Bernin does as he is asked. Ever-persuasive, he quite easily directs Baron Felden to release his son back into the custody of the cadet school. But the Count’s daughter, Clara, sees with clear eyes what this will do to the boy. She tries to convince her father to reverse the course of his influence. Failing that she calls in Father Hauser, a Jesuit priest skilled in casuistry, to work upon her father’s conscience. (The Machiavellian layers of this situation are characteristic of the whole book: a priest persuading a Count to persuade a Baron to do something. Bedford handles it with ease; reading, one is never confused.) Their conversation is a perfect example of Bedford’s elliptic, brilliant use of dialogue. Between each sentence is a double line break to indicate the passage of time:

Count Bernin spoke; Father Hauser listened. Then Father Hauser spoke and Count Bernin listened. To every word he had to say. It was a great deal. “I and yet I cannot agree with you,” he said at the end. “I cannot.”Presently, Count Bernin said, “There is too much involved.”And presently, “I can’t help it that old Felden hasn’t got his wits about him.”“Besides it’s too late.”“You are not my spiritual adviser, you know.”“I did not start it. I never like it.”“ You know, if anybody does, I am not building for myself. Nor for my time…” […]“Yes, if you like, used. On occasions used.”

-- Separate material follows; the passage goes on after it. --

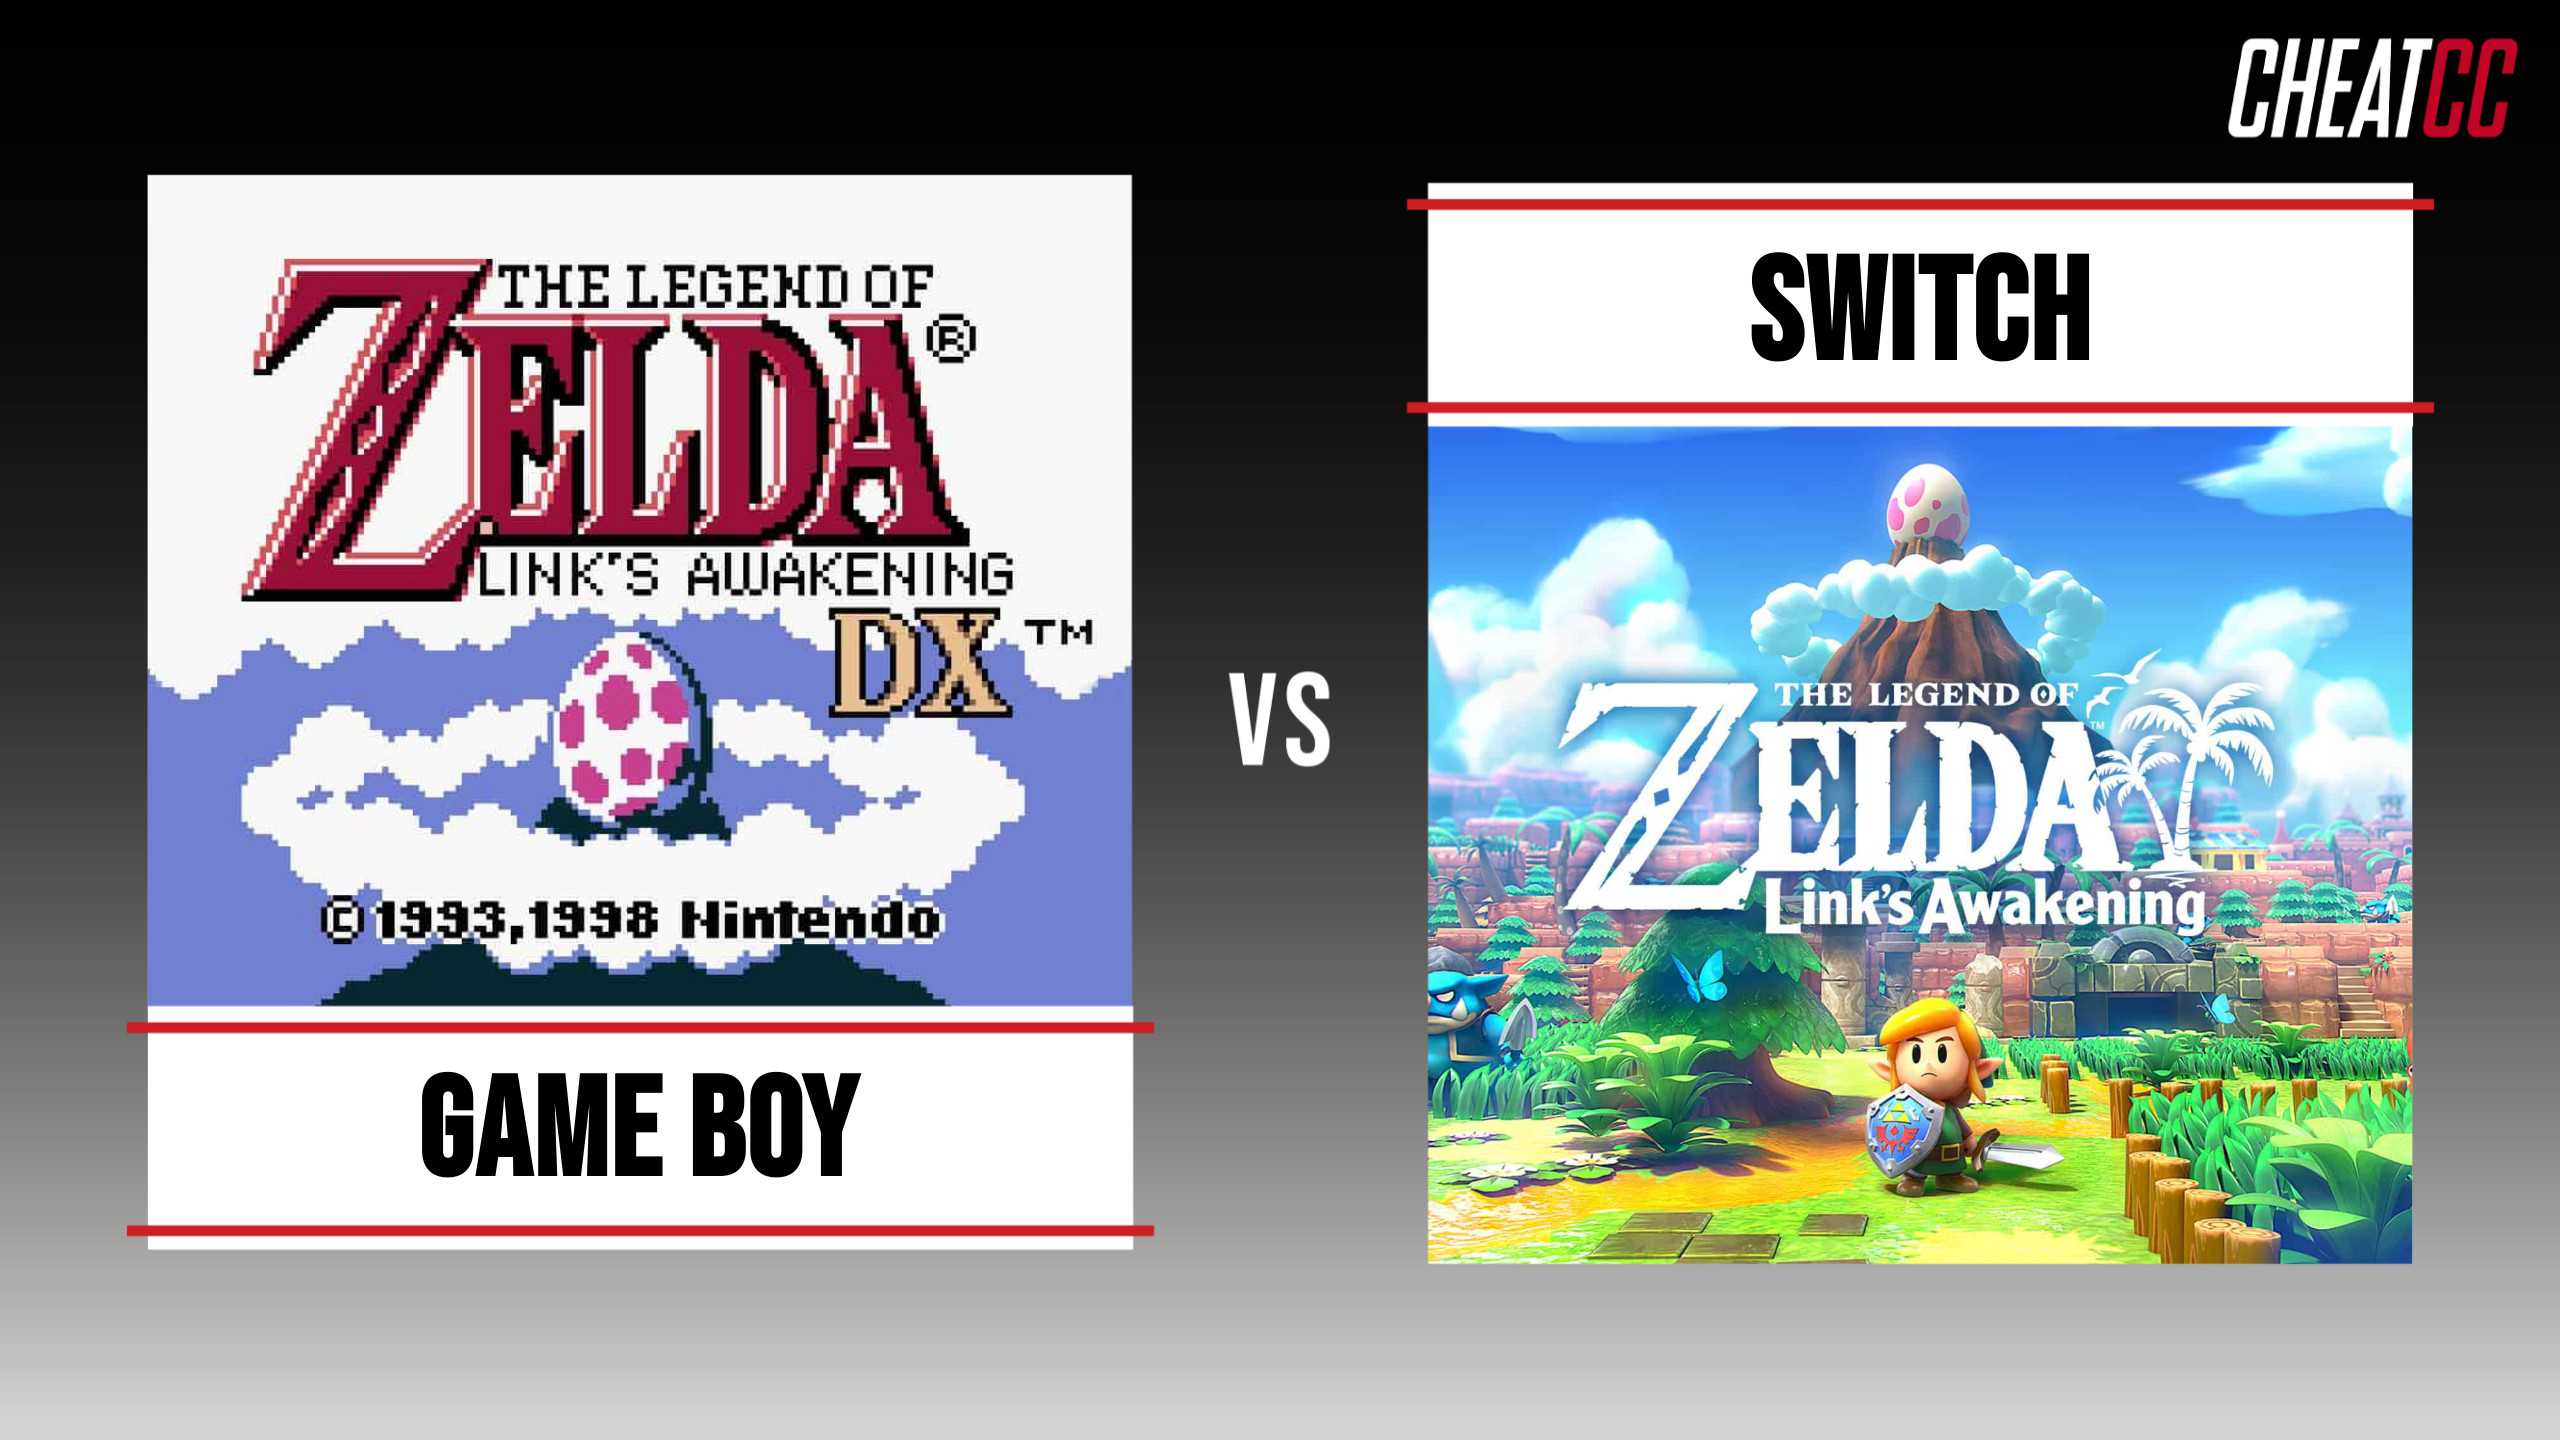 The Legend of Zelda: Link's Awakening on Game Boy vs Switch

And so on, as the Jesuit – out of our hearing – slowly wears down with implacable reasoning the rationalizations of the Count. This one-sided conversation, a conversation that implies much more than it says, is a virtuosic example of Bedford’s ordinary practice. When she writes dialogue it is as if the patient historical expositor, or the inditer of explicit invective, has disappeared, replaced by someone with the sensitivities and meaningful reticence of a Virginia Woolf. As she cycles between registers like the ones I have been citing, Bedford fits each one seamlessly into the workings of her story. Only in retrospect does the stylistic daring, the narrative skill become apparent.What holds it all together? Speed and the narrator’s viewpoint. Without seeming rushed, Bedford packs into less than four-hundred pages dozens of characters populating what amount to five novellas with an astonishing range of incident and setting. At strategic moments she reminds us of the journey this story has taken to reach us, reminds us from whom we are hearing it. Heir to the modernist tradition in this respect, Bedford never forgets that a novel is told by someone. The personality of this narrator intrigues us. Indeed, in A Legacy the narrator’s story in some senses is the story, though she is hardly present – apart from a few cameos – except as the voice that tells the tale:

[This] is a finished story—immobile in the unalterable past; untouchable, complete, as if sunk inside a sealed glass tank. For me, it was never a new story. Every second hand had touched a first; to every fragment there had floated up another–this phrase been the key to a remembered look, this fib belied an earlier one, this hint illumined words once overheard, this tale resurrected the mood of a whole winter. Which memories are theirs? Which are mine? I do not know a time when I was no imprinted with the experience of others. In a sense this is my story.

A Legacy is as perfect as a novel gets. It’s written with the sentence-by-sentence intensity of a short story, the narrative sweep of a history, and the tragi-comic interest of a family drama. Moreover, it is as significant as a novel gets, full of the interest of people distant from us in time and custom but recognizably human, and effortlessly illustrative of a period and society lost to us but incalculably important for the world we live in. Read it.